Figures 13 and 14 show the main effect and the interaction plots for k and f. The significant effect value in terms of f is the PPI value. The results show that the f value is highly influenced by 8 PPI foams. For the 8 PPI samples, there is the influence of r as showed from the 2-way interaction plots. r results significantly only in terms of k in the linear interaction. The other interactions are not significant, since the P value is higher than 0.05.

Fig. 13
figure 13

Main effects and interaction plots for k

Fig. 14
figure 14

Main effects and interaction plots for f

4 Conclusions

In this paper, the influence of the metal foam morphology on its thermo-fluid dynamic behavior was investigated. In particular, 24 open-cell aluminum EN43500 (AlSi10MnMg) foams were produced through I-AM. With this process, it was possible to realize the reticular structures which characterize the foams without internal supports, unlike the other metallic AM standard processes (EBM, SLM). Moreover, it was possible to reproduce the exact geometries obtained through CAD, to evaluate experimentally the influence of the shape parameters and guarantee the repeatability of the experimental results.

The tested foams differ in PPI, branch thickness, and edge morphology. Tests were carried out in an experimental wind gallery and measurements were performed according to the experimental plan. Due to technological limits, 10 PPI foams could not be tested since it was not possible to remove all plaster from the internal structure.

The results obtained in term of HTCglobal and Δp show that the trends for different inlet velocity and air mass flow rate are linear and increase with the PPI, branch thickness, and velocity inlet.
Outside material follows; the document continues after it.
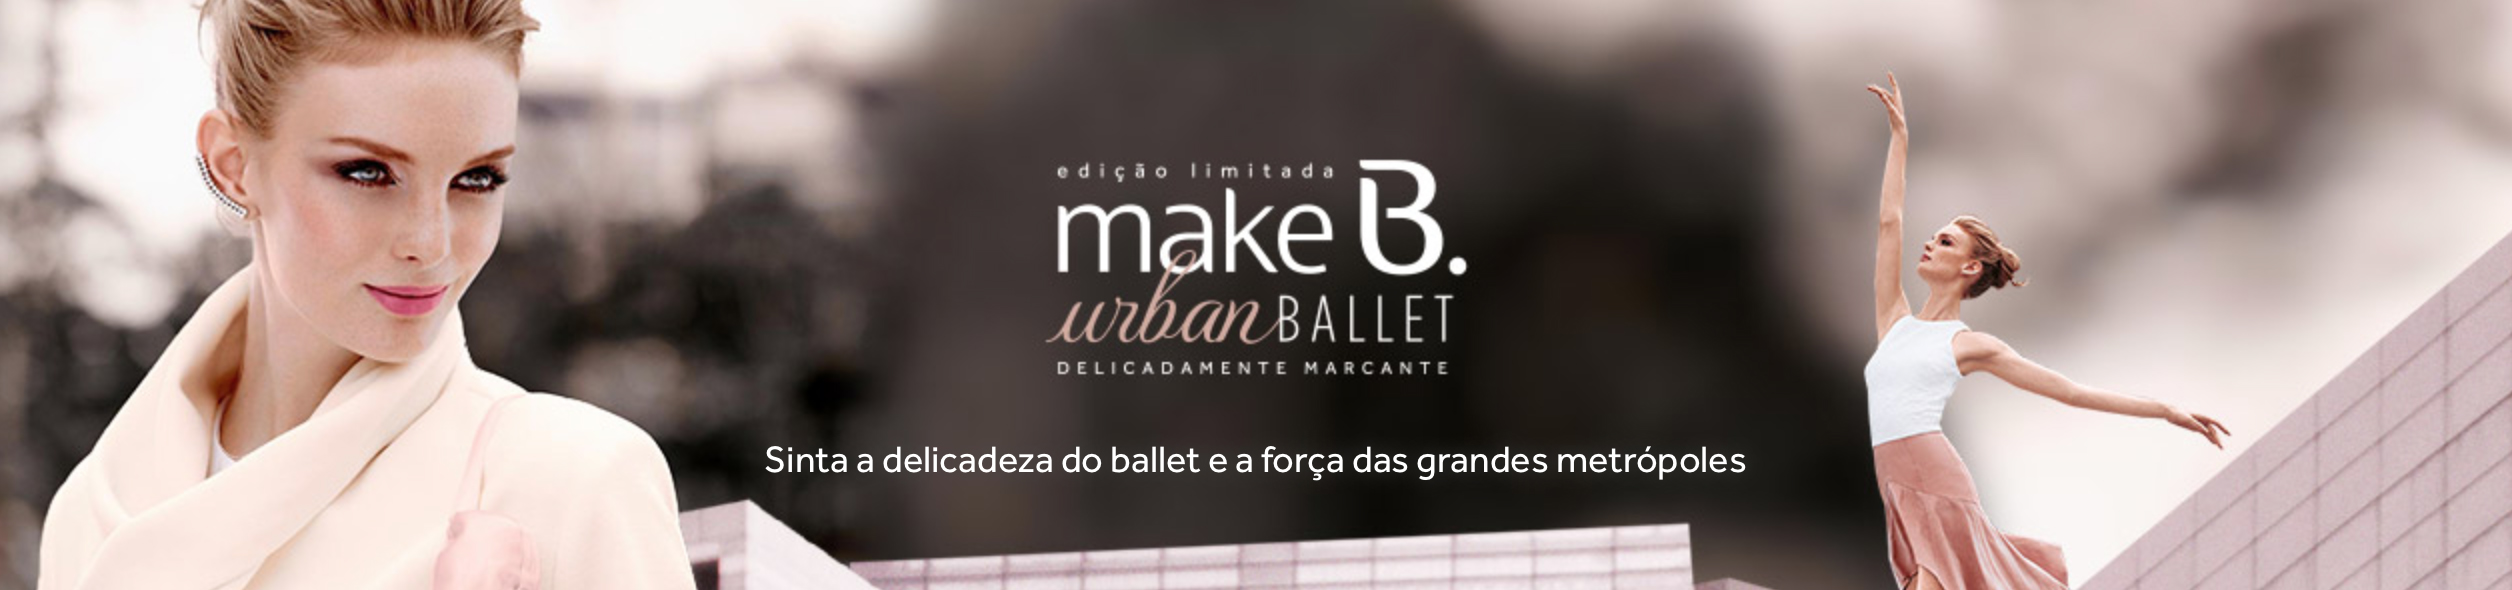 coleção make b urban ballet o boticario 1

The max thermal performance is reached by 8 PPI smoothed foam with r 0.7 with 650 W m−2 K−1. This can be explained as the foam internal structure increases, the turbulence in the flow develops easier, which translates in higher drops and a better thermal exchange. It is notable that with the increase of the PPI value, the branch thickness (r) and the edge morphology (smooth-regular) do not influence the HTCglobal (2% variation on HTCglobal at higher velocity). Permeability k and inertia coefficient f of the foams were also calculated for all samples.
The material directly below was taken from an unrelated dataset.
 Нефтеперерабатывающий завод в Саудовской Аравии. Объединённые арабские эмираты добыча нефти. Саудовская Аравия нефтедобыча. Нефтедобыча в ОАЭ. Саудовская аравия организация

In the conductive analysis, the thermal conductivity was calculated with 2 different methods. The first takes only into account the porosity, giving us the theoretical values of kth. The second takes into account the real geometry of the foam and measured parameters during the experimental tests (keff). Trends for both coefficients were plotted, and have percentage errors in a range of 10–20%.

An ANoVA analysis was performed to check the significance of the analyzed parameters. Results showed that only the geometry of edges is not a significant factor for Δp and HTCglobal, although it still has a role in the permeability coefficient k. It was also noted that the branch thickness does not influence f.